Raw data:
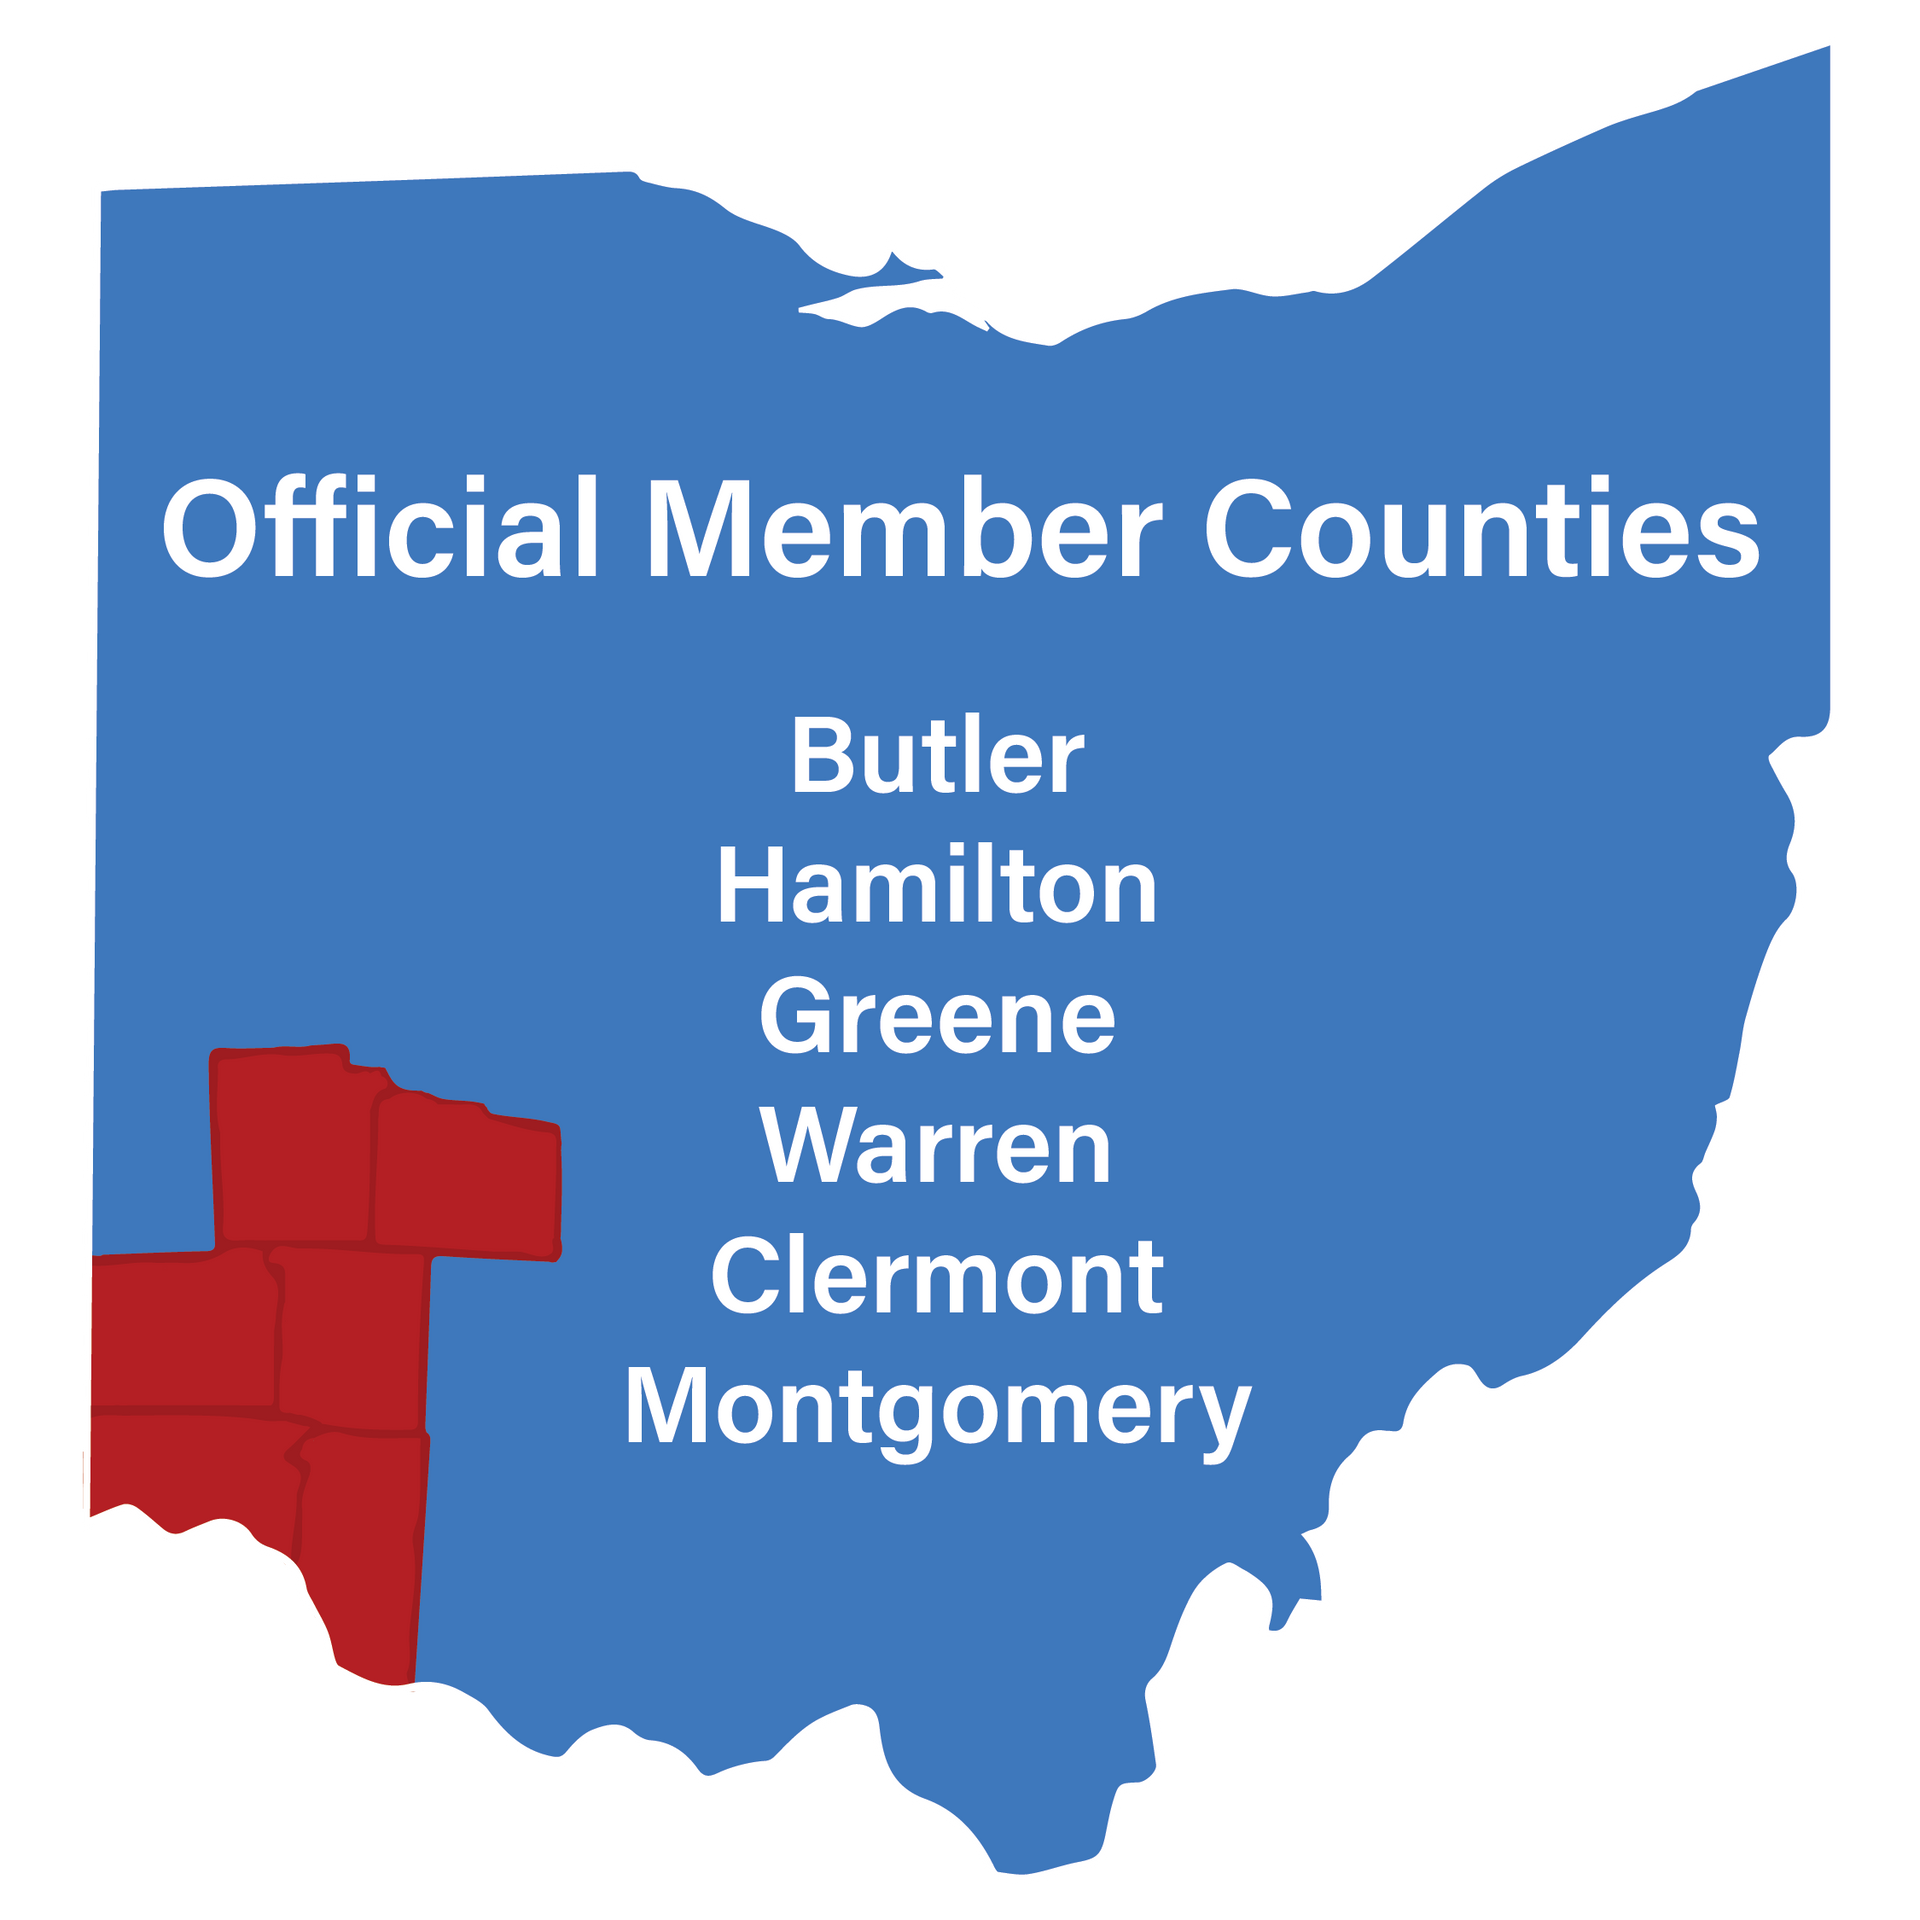 Official Member Counties. Butler, Hamilton, Greene, Warren, Clermont, and Montgomery county.
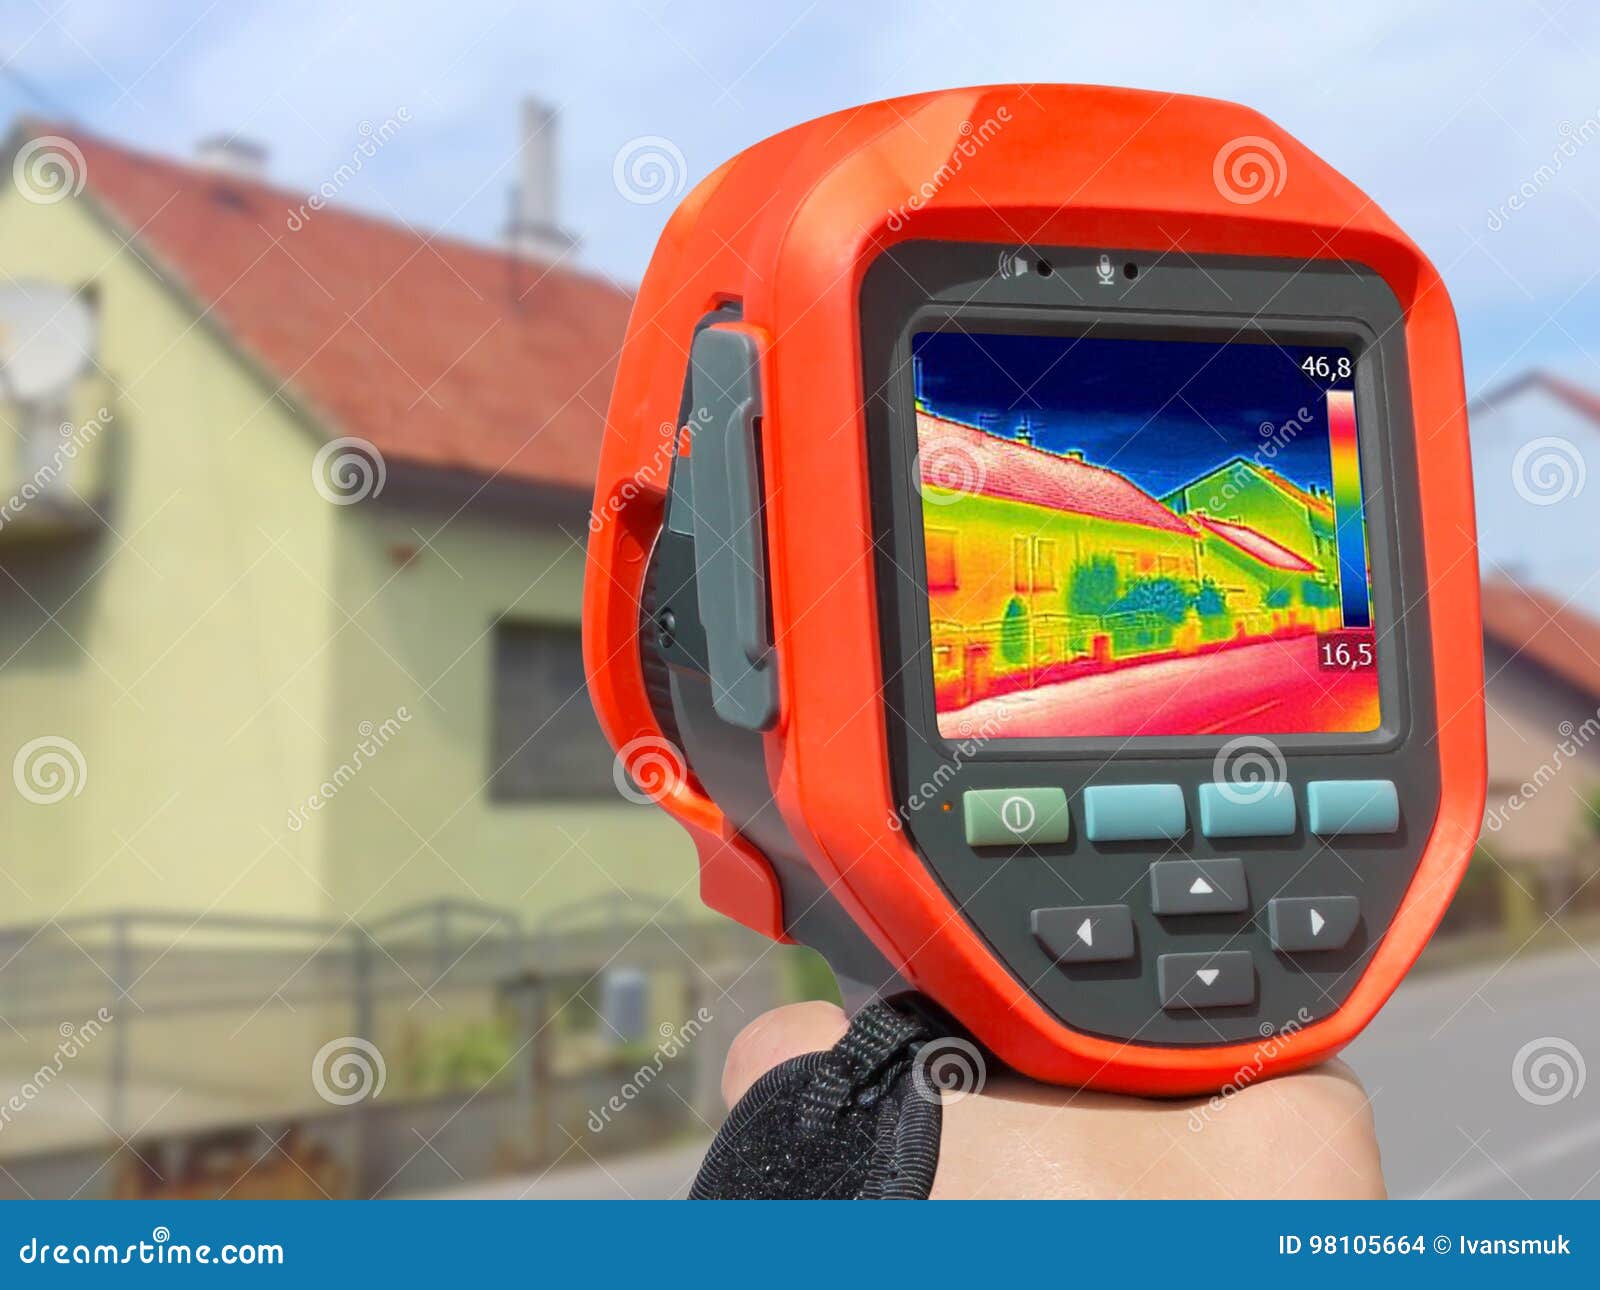 https://thumbs.dreamstime.com/z/recording-house-infrared-thermal-camera-heat-loss-98105664.jpg
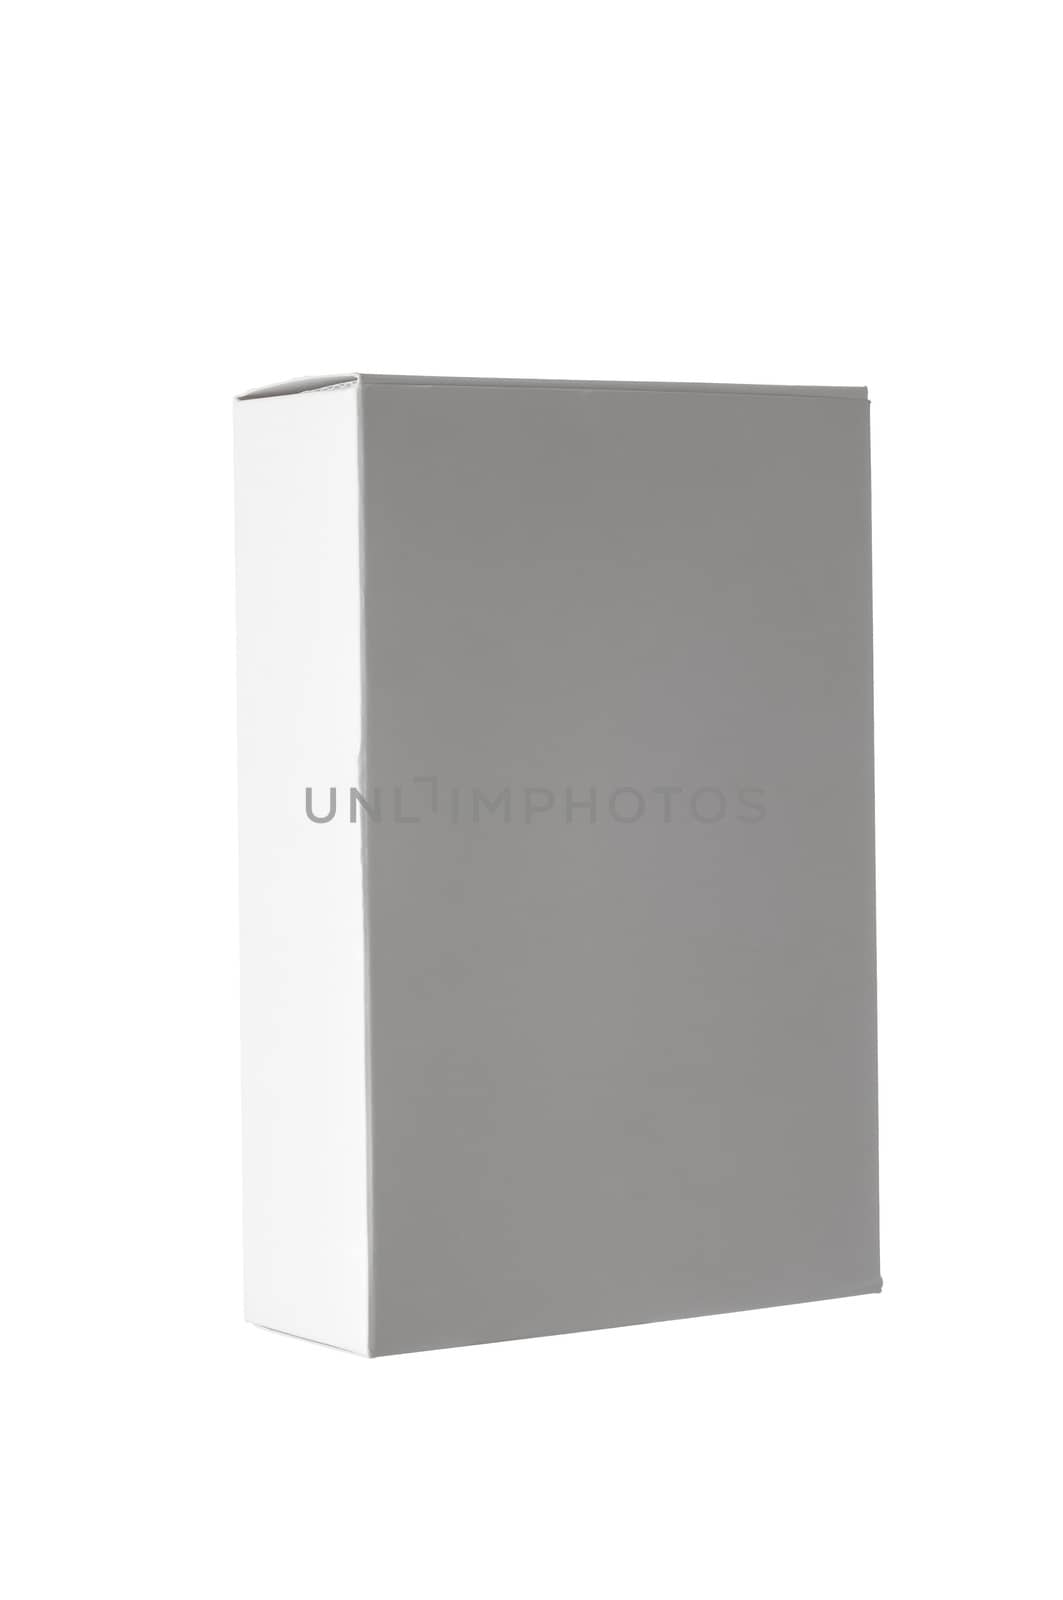 A simple white box isolated on white background

Task directions: What is needed is the full material, retyped unchanged, with no pictures in it.

Result below:
 Official Member Counties. Butler, Hamilton, Greene, Warren, Clermont, and Montgomery county.
 https://thumbs.dreamstime.com/z/recording-house-infrared-thermal-camera-heat-loss-98105664.jpg
 A simple white box isolated on white background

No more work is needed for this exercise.